Quase duas da manhã. Corredores e polícia estavam lado a lado. Os primeiros em grupos, como antes da corrida. Os segundos dentro do carro.

"Só vieram para flashar, mas não apanharam ninguém, agora saímos todos a 50 e está tudo bem", explica Leandro Costa (nome fictício), enquanto avisa os companheiros de estrada que vai para casa.

Pouca preparação Na A16, por esta hora, o resultado é: o Saxo perdeu o primeiro pico, mas portou-se bem no arranque, sobretudo se se pensar que "já estava parado há meses". Aqui há ainda tempo para um desempate, porque polícia nem vê-la. A "bófia até podia fazer mais", diz Gustavo. O problema é a falta de especialistas, dizem os corredores. "Não têm profissionais que conheçam bem a lei e a mecânica. Que percebam o que pode ou não ser alterado e de que forma. É que não basta olhar para um carro por fora e dizer: está rebaixado."

Antes que começasse a chuva que já há muito ameaçava, regressámos atentos ao León. Na recta em frente ao Cascais Shopping, já de regresso a Mem Martins, atingiu os 260 quilómetros hora. Minutos antes das 2 da madrugada, o Citroën ficou para trás e ligou os quatro piscas: precisava de ajuda.

Há muito que a A16 está sem regras ou limites de velocidade e fazer marcha atrás uns metros é mais uma infracção. "Deve-se ter soltado a correia de distribuição", grita Gustavo de dentro do Cup.

Cenas de telenovelas Nos segundos em que se discute o que fazer com o carro avariado, duas das quatro faixas ficam bloqueadas. O cenário é o de um filme ou, no caso português, de uma telenovela das nove da noite. Isto porque não seria inédito pedir estes carros alterados para participarem em produções televisivas. Em 2009, por exemplo, vários automóveis que correm ilegalmente nas auto-estradas foram solicitados pela produção da telenovela da SIC, "Perfeito Coração", para simular cenas de street racing.

O guião simulou o ambiente e as relações entre os vencedores e os perdedores durante uma corrida, bem como o comportamento dos espectadores. Em alguns casos, festejando vitórias como se de um jogo de futebol se tratasse.

Na comunidade, são muitos os que criticam a forma como a realidade foi adulterada. Queixam-se sobretudo de que as velocidades não são as mesmas e asseguram que as cenas mais parecem ser inspiradas em corridas de rua dos Estados Unidos da América do que no street racing que existe nas estradas portuguesas. Nas conversas do fórum PSA Maniacs, onde o i entrou, os supostos donos dos carros fizeram questão de mostrar o seu orgulho – à comunidade de quase cinco mil utilizadores – de terem contribuído para a produção da telenovela.

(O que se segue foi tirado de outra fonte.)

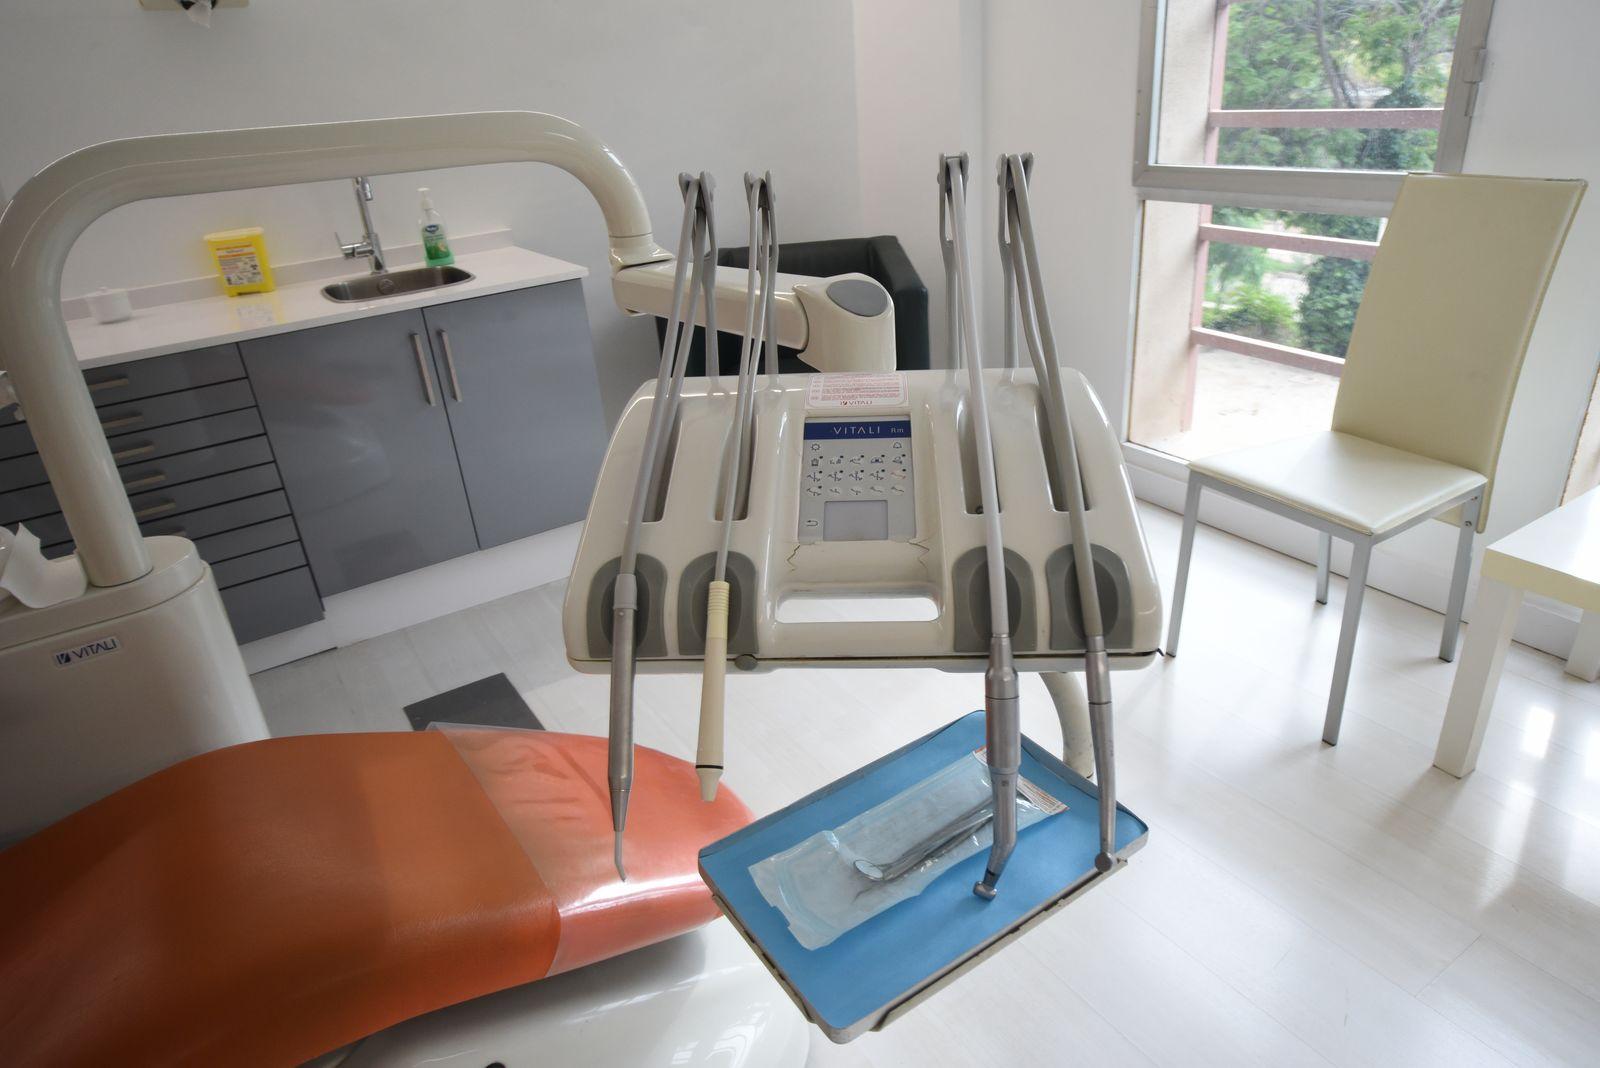 clinicas dentales en elche, clinica pons marfil, dentistas en elche, elche dentistas, dentistas elche

Este é um dos sítios da internet onde se combinam picos e se divulgam novidades, operações policiais e modificações em carros. E foi lá que se publicaram críticas à novela e se esmiuçaram todas as cenas em que a actriz Luciana Abreu surge dentro dos seus carros. Acham que são uns sortudos porque os seus carros foram seleccionados e explicam que as matrículas usadas nas cenas da telenovela não são as suas. Terão sido substituídas por outras para não identificar os proprietários. A ficção volta a cruzar-se com a realidade.

A avaria na A16 pôs fim à corrida. Só havia uma questão: como tirar o Citroën sem seguro da saída de uma auto-estrada? Resposta: com uma matrícula de um carro igual, segurado e com inspecção. Tal como na novela, foi o que aconteceu e, perto das três da manhã, já o reboque se afastava arrastando consigo o perdedor da noite. "Agora não publique o nosso truque, se não estraga-nos o esquema", atirou em tom de brincadeira Gustavo, um dos poucos participantes que sabia estar a falar com um jornalista.